Pour Anne Fouchard, « le succès de l'humanitaire dépend de la confiance qu'il inspire au public en général et au donateur en particulier97 ». Cependant, même si l'éthique est au coeur de la conduite d'une ONG et par ricochet du discours qu'elle propose, pour Pascal Dauvin, les ONG ajustent la contrainte éthique comme cela les arrange car elles sont confrontées au dilemme de la « rentabilité économique contre celui de la vertu98 », les enjeux sectoriels devenant parfois plus importants que les enjeux d'information ou de témoignage. Yves Poirmeur note qu'il serait bénéfique pour certaines associations méconnues d'outrepasser les règles déontologiques afin de se démarquer : « les transgressions des règles peuvent se révéler payantes, surtout pour les organisations nouvelles ou marginales99. »

Mais dans ce cas, quelle limite se fixer?

6.2 La neutralité

La neutralité est l'autre grande position défendue par les humanitaires qui impacte le discours. Mais étrangement, cette neutralité découle moins d'un principe que de nécessités pratiques. D'un point de vue opérationnel, être publiquement neutre est une nécessité pour avoir accès aux victimes sans être affilié aux parties prenantes des conflits.
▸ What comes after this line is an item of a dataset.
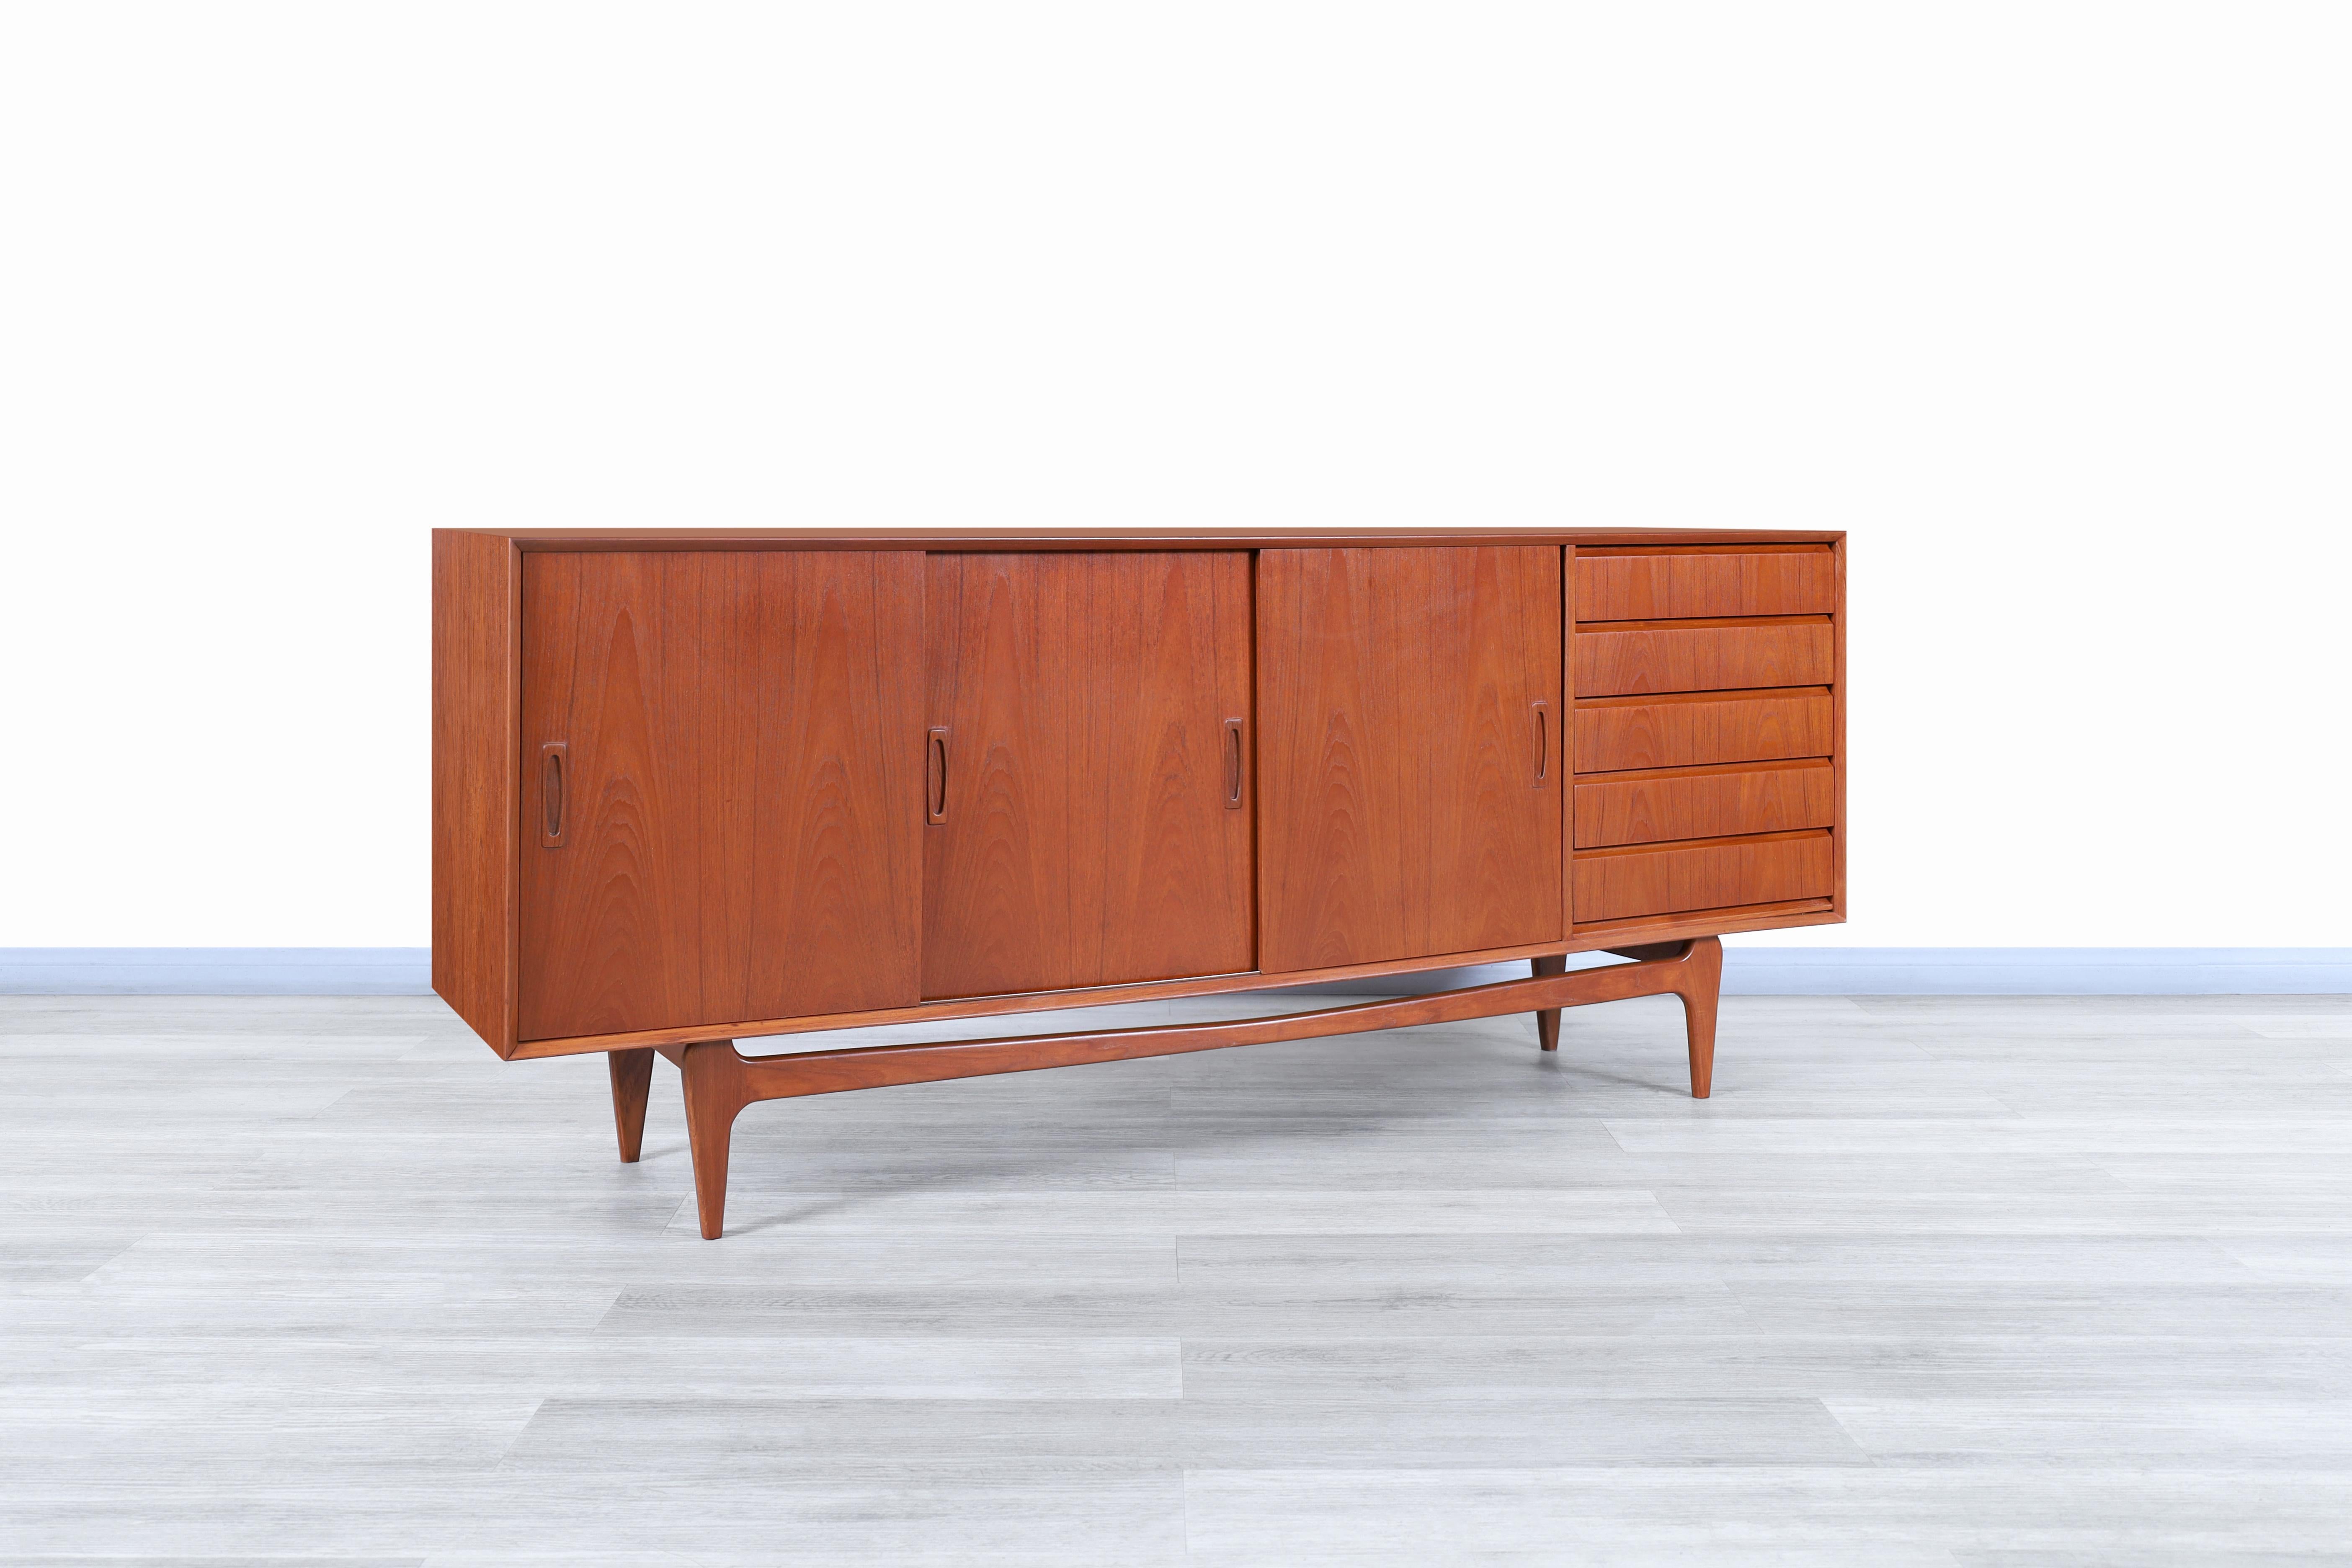 Fabulous Danish modern teak credenza designed and manufactured in Denmark, circa 1960s. This credenza has an elegant and functional design, characteristics that make it a worthy piece of furniture representative of Scandinavian innovation. This
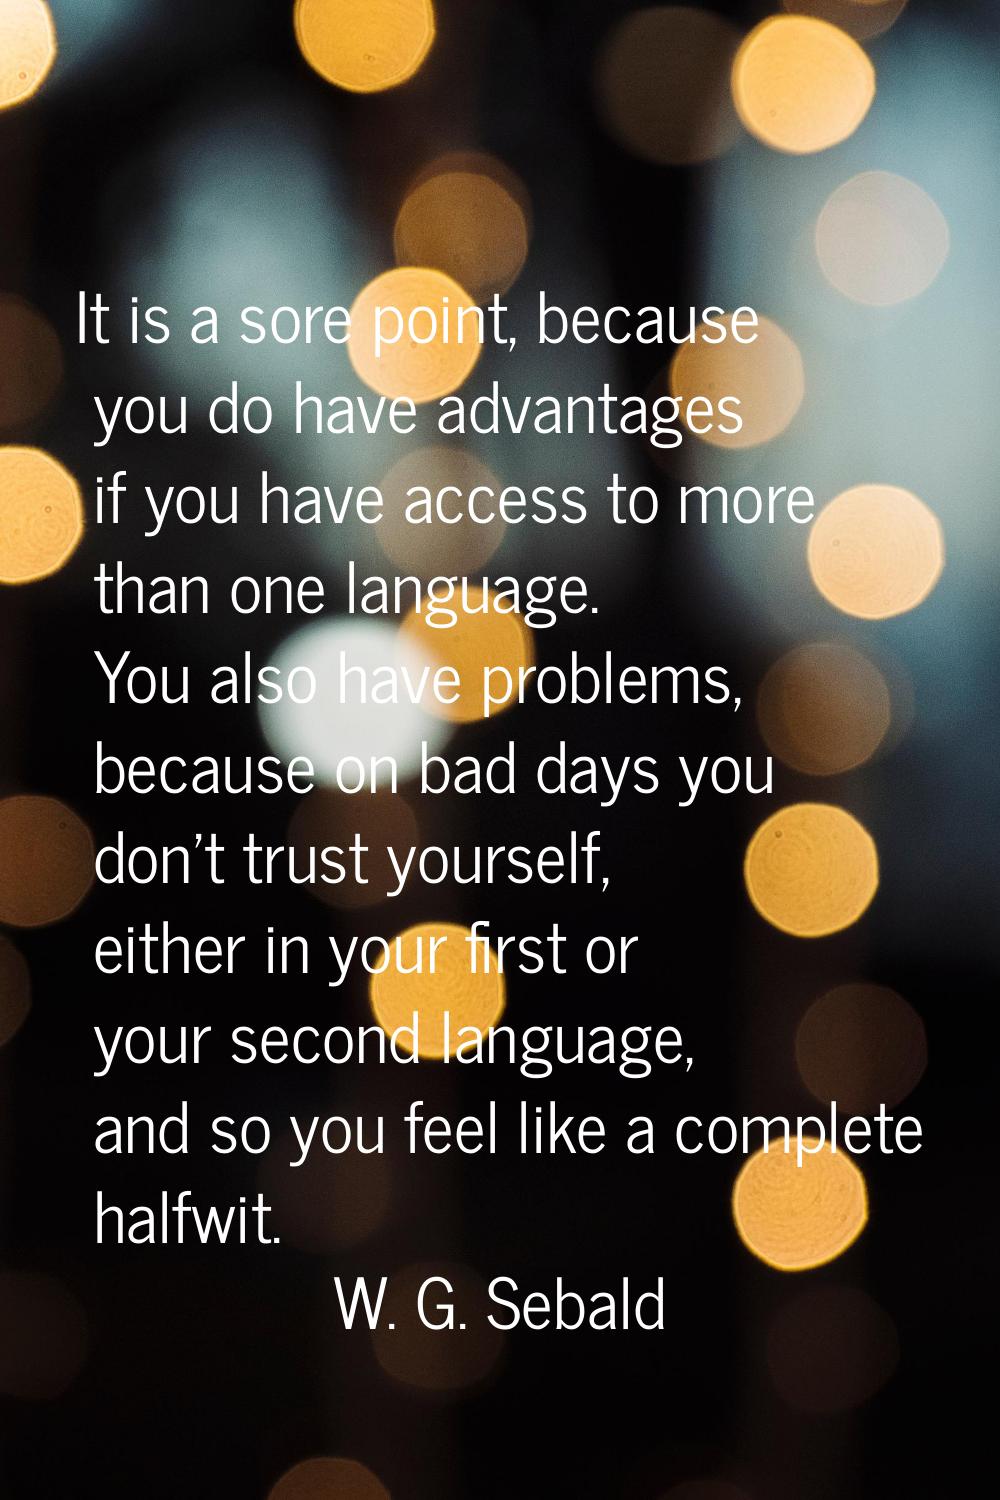 It is a sore point, because you do have advantages if you have access to more than one language. Yo

En évitant de prendre parti, les OSI ne froissent personne, ce qui leur permet d'obtenir les autorisations nécessaires pour exercer dans un pays et de garantir la sécurité des équipes sur le terrain. Pascal Dauvin pointe ce risque éventuel : « parler des crises en dénonçant les responsables peut être dangereux pour les expatriés et pour les programmes qui risquent d'être interrompus100. »

Le positionnement neutre répond aussi à des contraintes économiques car beaucoup de programmes sont financés par des bailleurs institutionnels, liés soit aux États, soit à l'Union Européenne, soit aux organisations internationales. Prendre position contre ces institutions serait déloyal et risqué pour la pérennité des financements dans le cas où elles auraient une autre lecture de la crise. La neutralité devient alors une facilité pour faire face à cette contrainte et s'abstenir de contester ses partenaires.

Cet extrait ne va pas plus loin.